Risk of use in patients with biliary tract disease: When symptoms such as indigestion, nausea, vomiting or epigastric pain occur, gallbladder disease, biliary tract disease and pancreatitis should be evaluated according to clinical indications. Cobenfy (KarXT) should be discontinued if signs or symptoms of overt liver injury occur, such as jaundice, pruritus, or alanine aminotransferase levels greater than five times the upper limit of normal or five times the baseline value.

Reduced gastrointestinal motility: Cobenfy (KarXT) should be administered with caution to patients with gastrointestinal obstructive disease due to the risk of gastric retention. Cobenfy (KarXT) should be used with caution in patients with conditions such as ulcerative colitis, intestinal atony, and myasthenia gravis.

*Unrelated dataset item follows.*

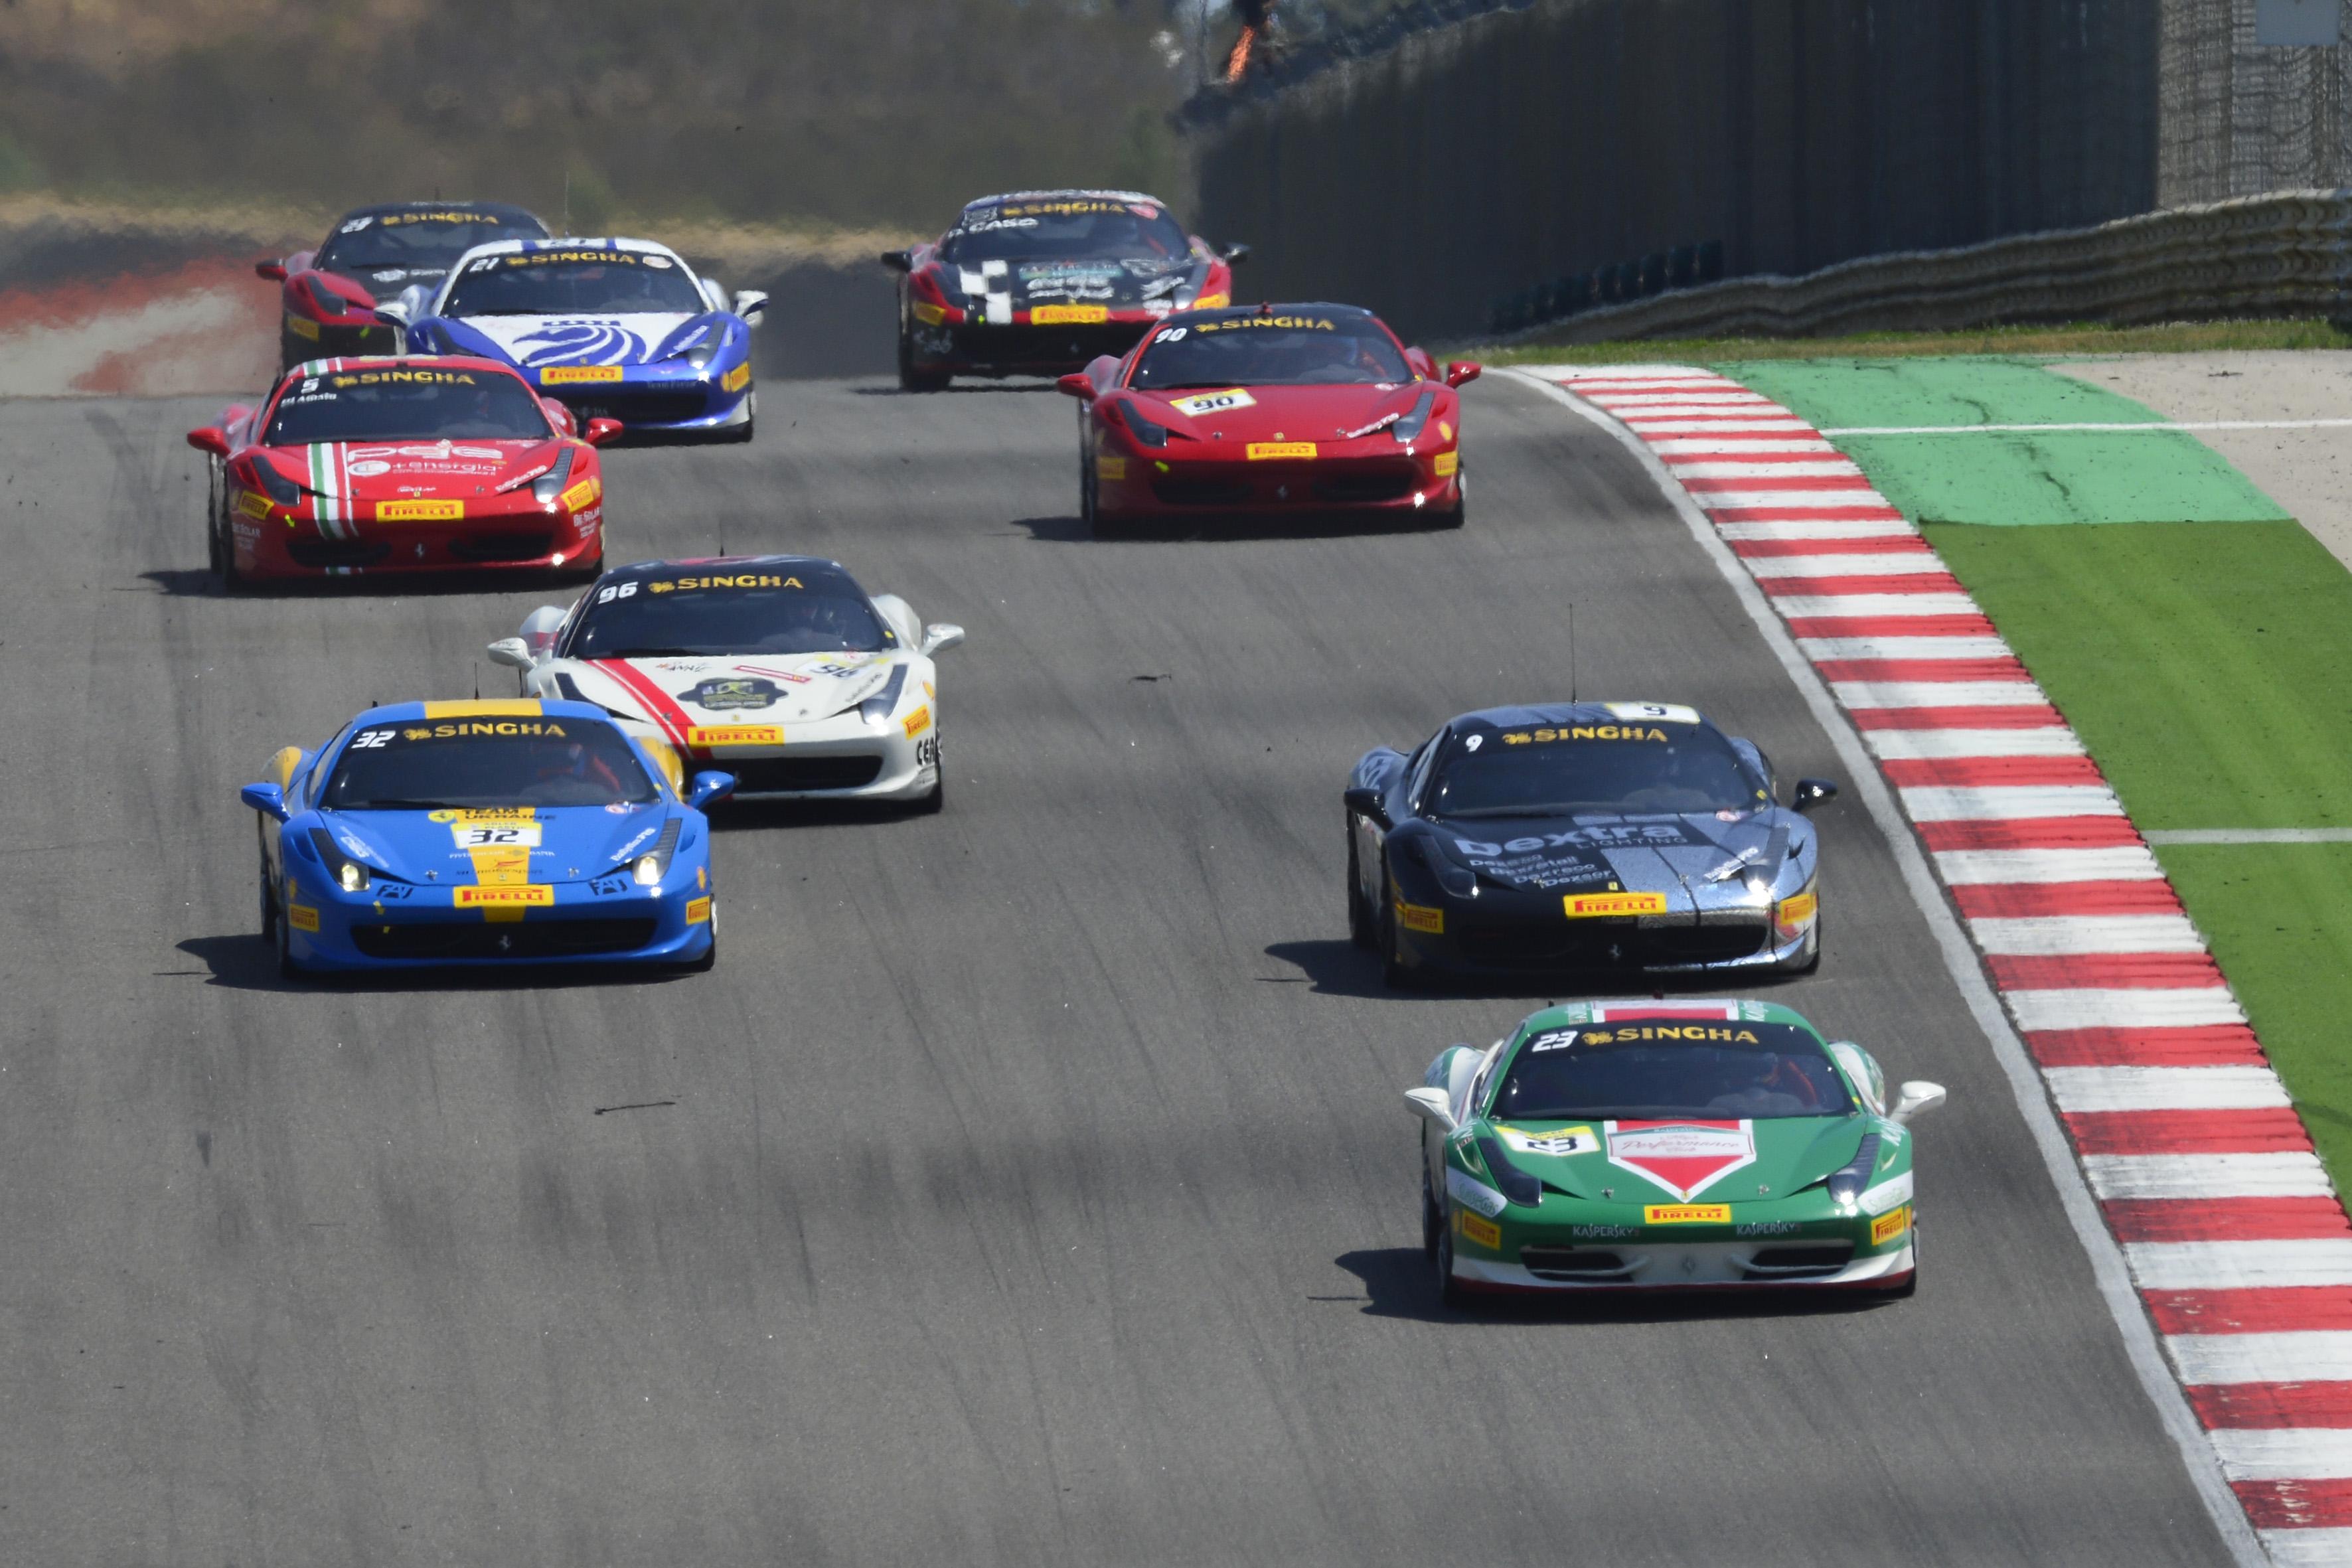 Ferrari Challenge 2013 India In F1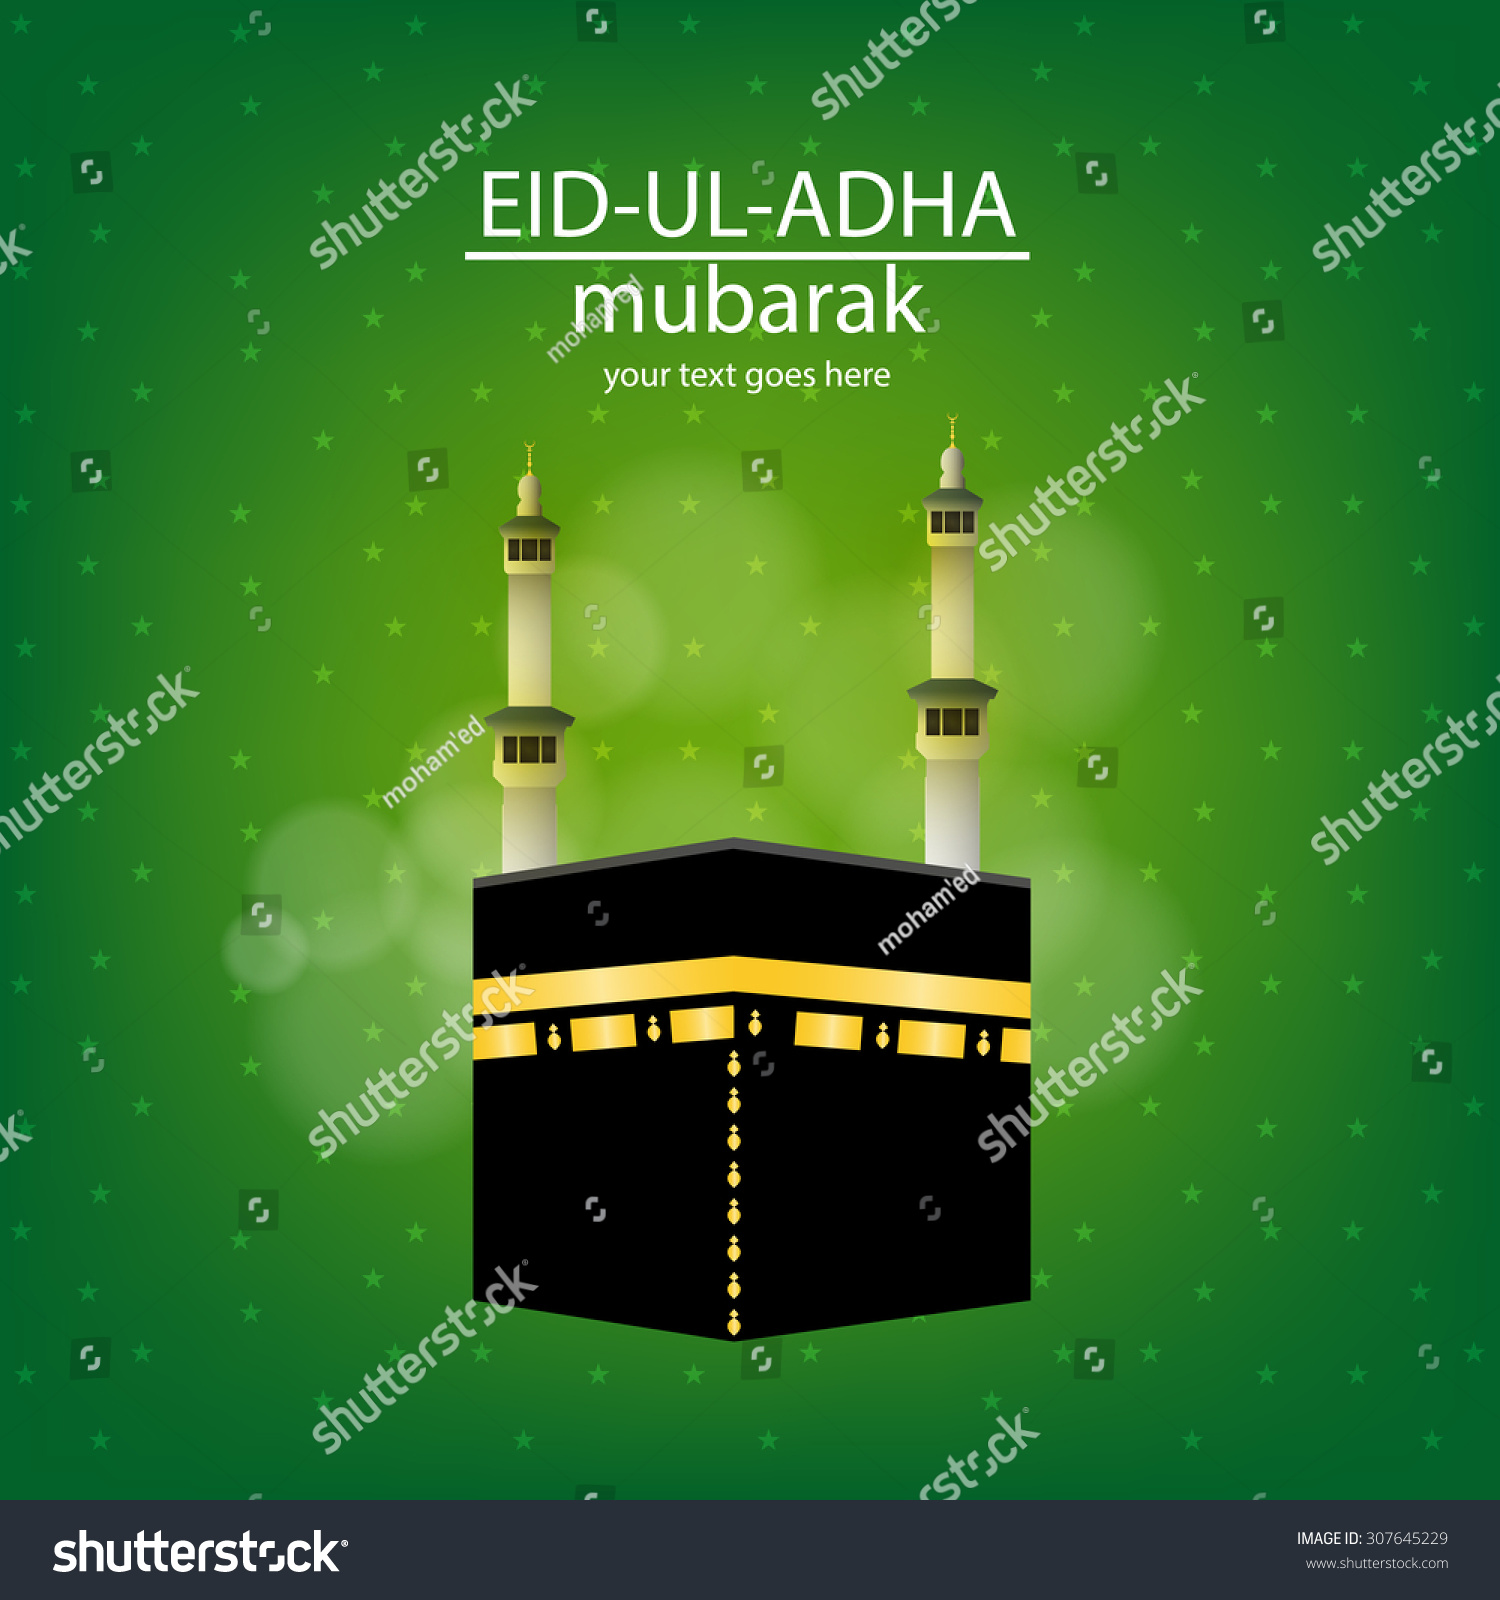 Eiduladha Mubarak On Vector Eid Greeting Stock Vector Royalty Free

Risk of angioedema: Angioedema of the face, lips, tongue and/or throat has been reported with use of Cobenfy (KarXT) and its component trospium chloride. If the tongue, hypopharynx, or larynx is involved, Cobenfy (KarXT) should be discontinued and appropriate treatment initiated and/or necessary measures taken to ensure a patent airway. Cobenfy (KarXT) is contraindicated in patients with a history of allergy to trospium chloride.

Cobenfy (KarXT) Adverse Reactions

The most common adverse reactions (≥5% and at least twice the rate in the placebo group): nausea, dyspepsia, constipation, vomiting, hypertension, abdominal pain, diarrhea, tachycardia, dizziness and gastroesophageal reflux disease.